BioInform: What are the most important bioinformatics trends that you see today?
Yu: First is clearly the shift from what was primarily a very successful global scientific research effort into exploitation. Within 10 years, I think, all new drug design is going to be genomics-related. Here is a $300 billion pharmaceutical industry, and a very fast-growing biotech industry to support it, that needs to shift in mid-gear. You have a $300 billion industry spending $30-40 billion a year in R&D: huge efforts, no tools. There are very good sequencers around, good instruments; there isn't very much software to support it. So everybody's scrambling.
When you build a "bioinformatics group" in a pharmaceutical company, most of those guys are just keeping the system alive, doing manual translations of, say, Incyte's protocol vs. GenBank's protocol.

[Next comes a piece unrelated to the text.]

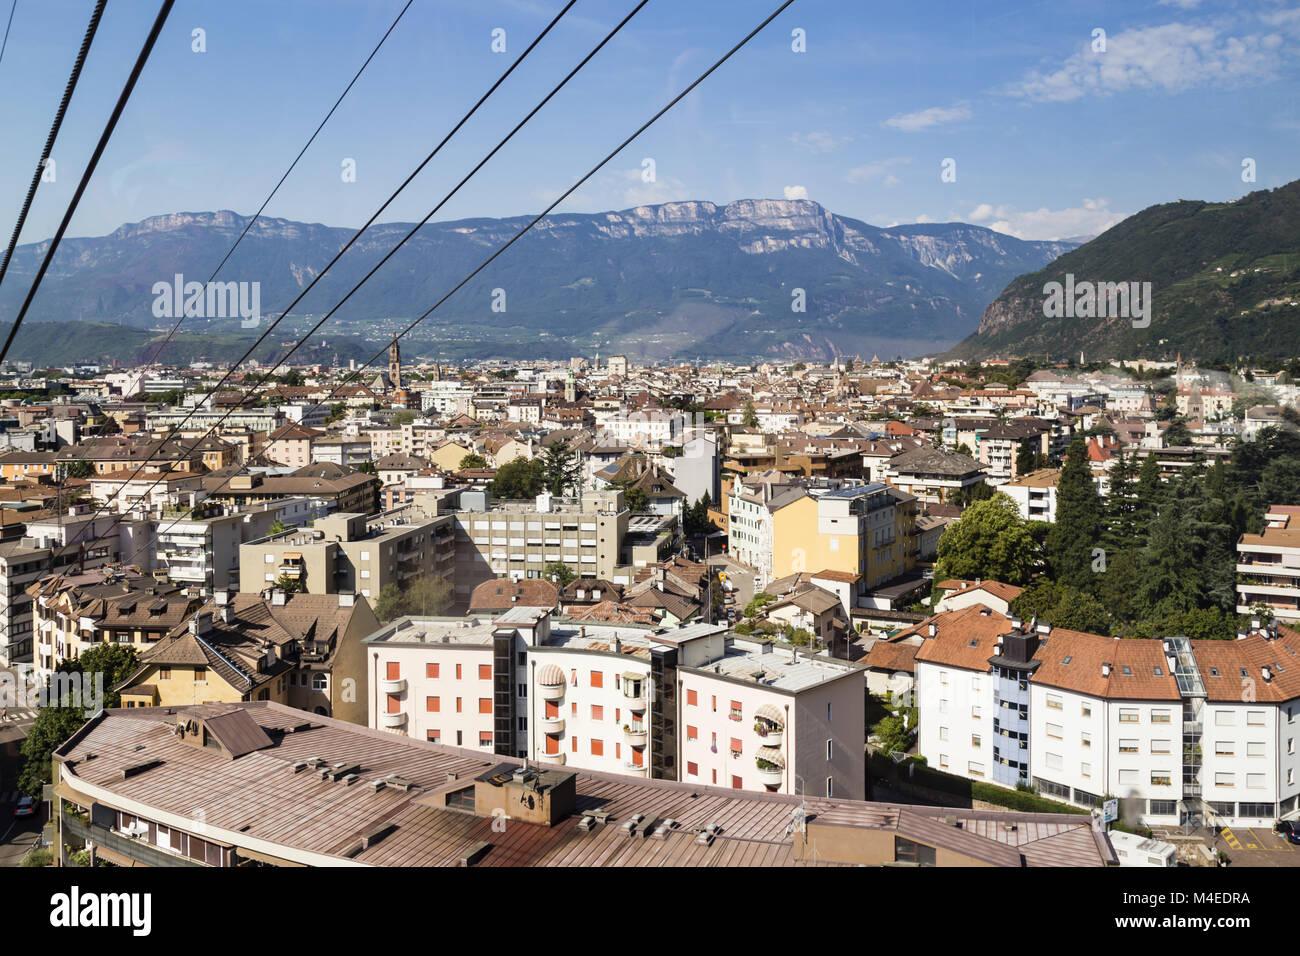 View to Bolzano, South Tyrol, Italy - Stock Image

There isn't a whole lot of energy left over to talk and improve their lives; they're barely keeping this stuff bandaided together. Lots and lots of industrial-strength systems need to be built.
That's very different from a university arena, where you have a few very smart people with great tolerance for public domain software, who are going to be willing to do a lot of computer-sciencey things just to get something working. This is industrial production, large-scale sequencing, manipulation of databases, analysis. Another trend that's related is automation. The most expensive commodity is scientists, and right now they're operating at a fraction of full efficiency because there aren't enough tools. That's why we and other people are entering the bioinformatics field. Those are some of the obvious trends.
It's really interesting because I came from the aerospace industry, where 30 years ago, there was a period that was much like genomics today. All of a sudden huge numbers of scientific breakthroughs were being applied to the aerospace industry, and they were pressing the state of the art in multiple areas, for example to build the moon landers. That's a nontrivial endeavor with the technology they had 30 years ago. One thing that happened in those days was that there was an unprecedented collaboration among industry, the government, and academia. A lot of that clearly got lost around the Vietnam war and so forth, where industry shot off; Microsoft doesn't talk to the government or academia.
But in the bioinformatics field I see something very similar to the aerospace industry in its glory days. There are lots of things being invented. You go look around this conference, there are a bunch of guys from academia hanging around with a bunch of guys from industry, like us--we build systems, right?--hanging around with a lot of customers, major pharmaceuticals and biotechs who are going to need to shift gears in midstream and turn around in very, very fast order a whole new generation of technology. It's really a great place to be.
BioInform: Where would you like Paracel to be five years from now?
Yu: We would like to be one of the leaders in bioinformatics. We would like to have contributed to this shift where people are not so much worrying about computing cycles, or worrying about the efficiency of the scientists, which means that, I hope, in five years the bioinformatics field is a lot more automated than it is today, with industrial-strength tools. And I hope that by that time it will be clearly recognized that Paracel was a key contributor.